▶ **REQUIRED WORK**:
Here are the records. Write out exactly the lines between the one holding "俄罗斯保健品代购批发招微商支持代发食品化妆品" and the one holding "Giường Gội Inox VN-GI04", inclusive.

▶ **DATA LISTING**:
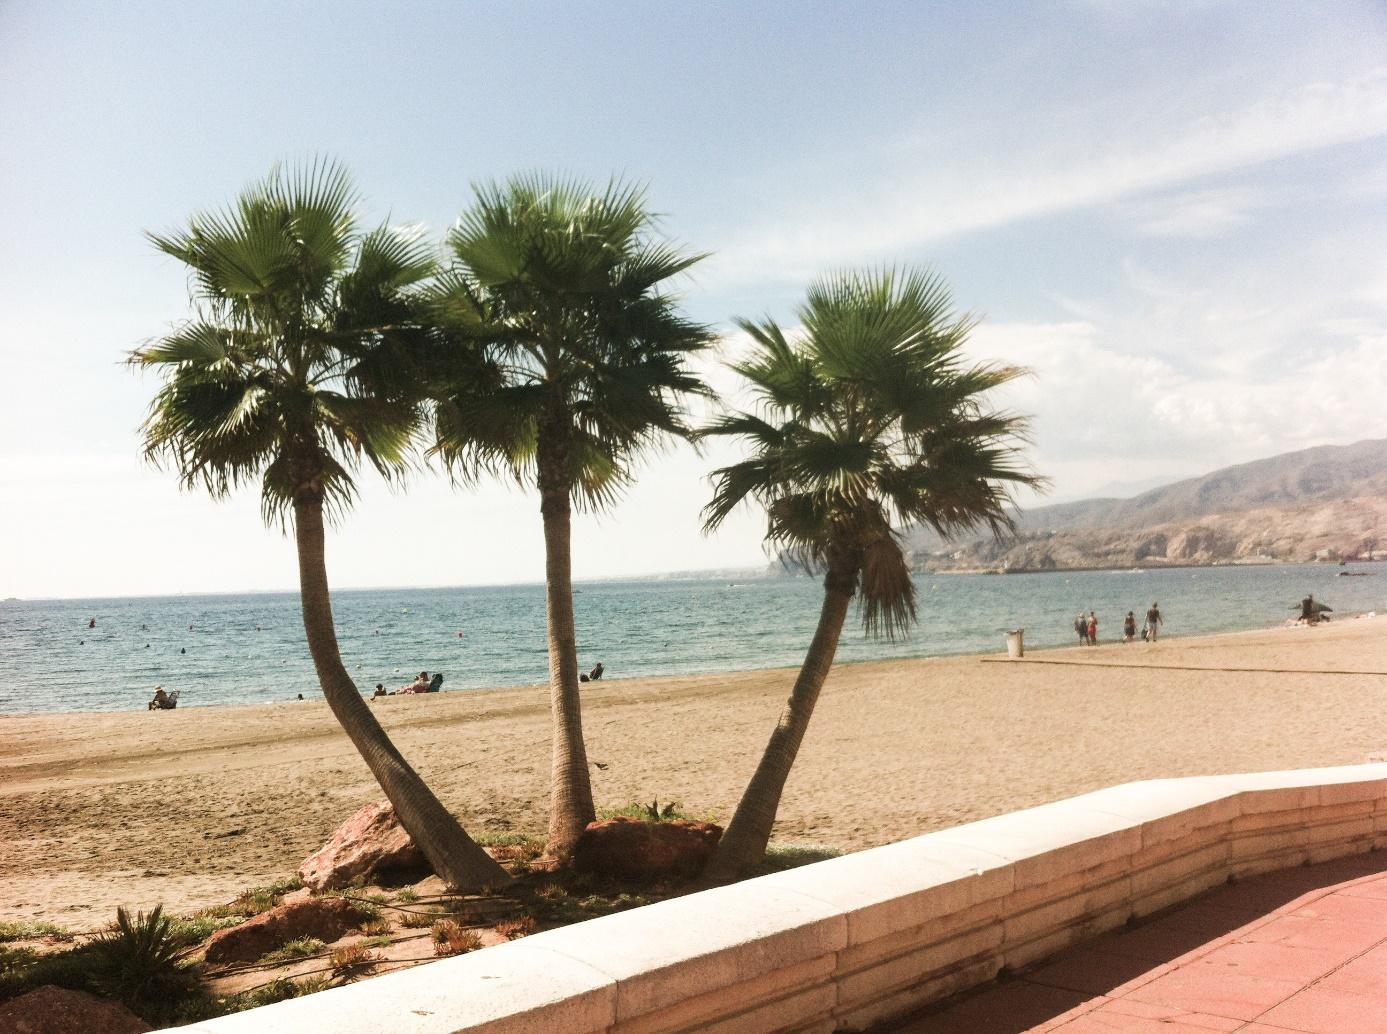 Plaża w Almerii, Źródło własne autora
...
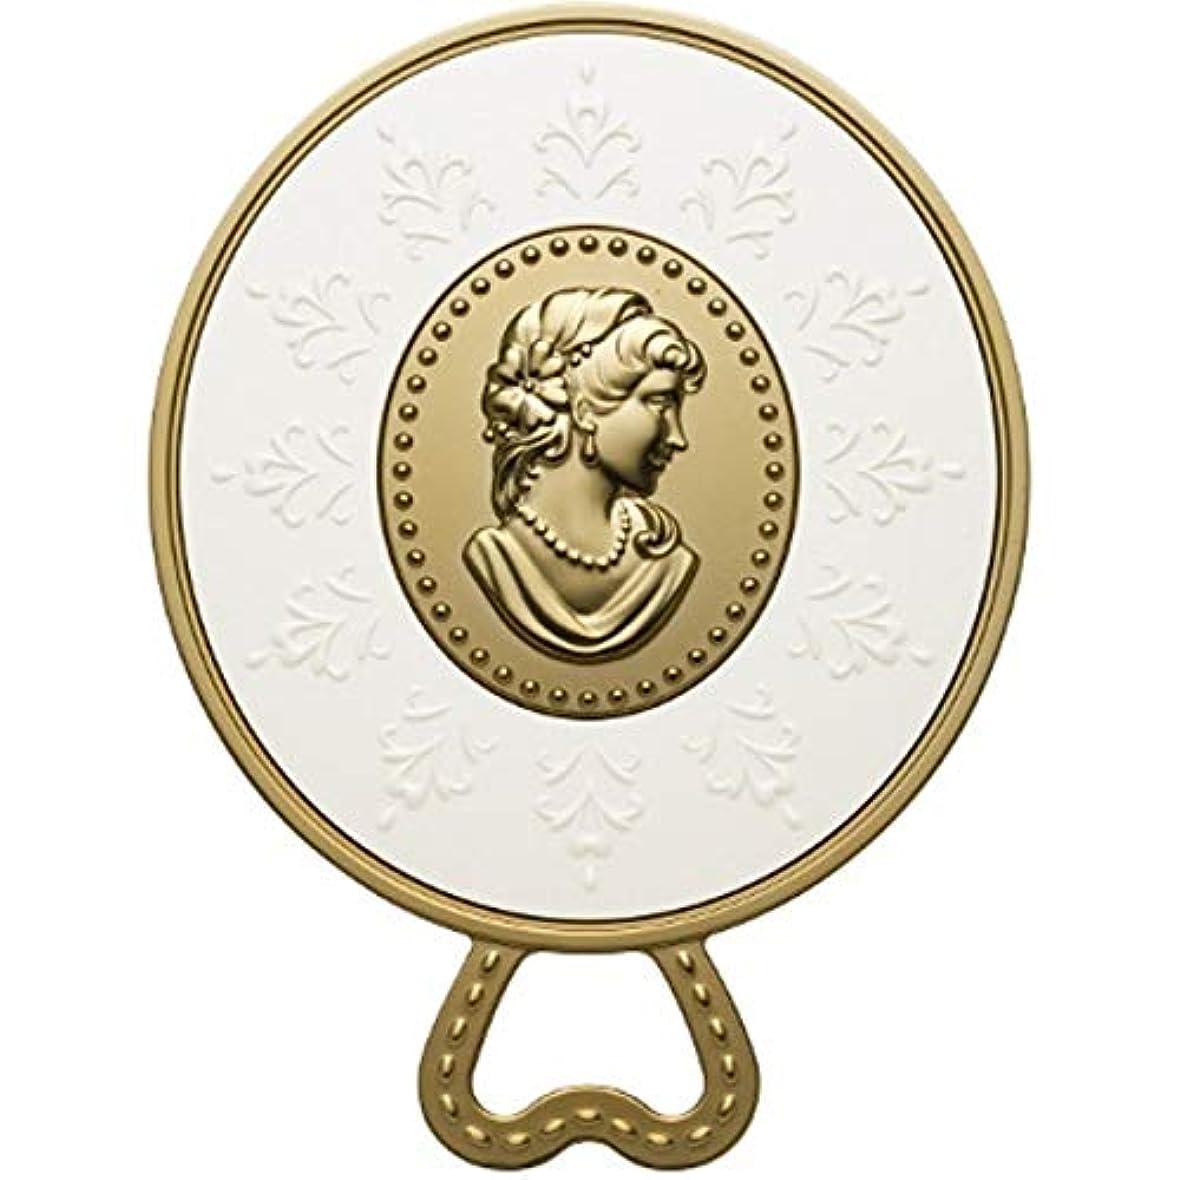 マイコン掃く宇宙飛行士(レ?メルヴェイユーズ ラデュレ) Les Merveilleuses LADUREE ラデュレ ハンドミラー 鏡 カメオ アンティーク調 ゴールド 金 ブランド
...
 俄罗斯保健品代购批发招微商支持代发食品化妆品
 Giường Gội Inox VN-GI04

▶ **RESULT**:
 俄罗斯保健品代购批发招微商支持代发食品化妆品
 Giường Gội Inox VN-GI04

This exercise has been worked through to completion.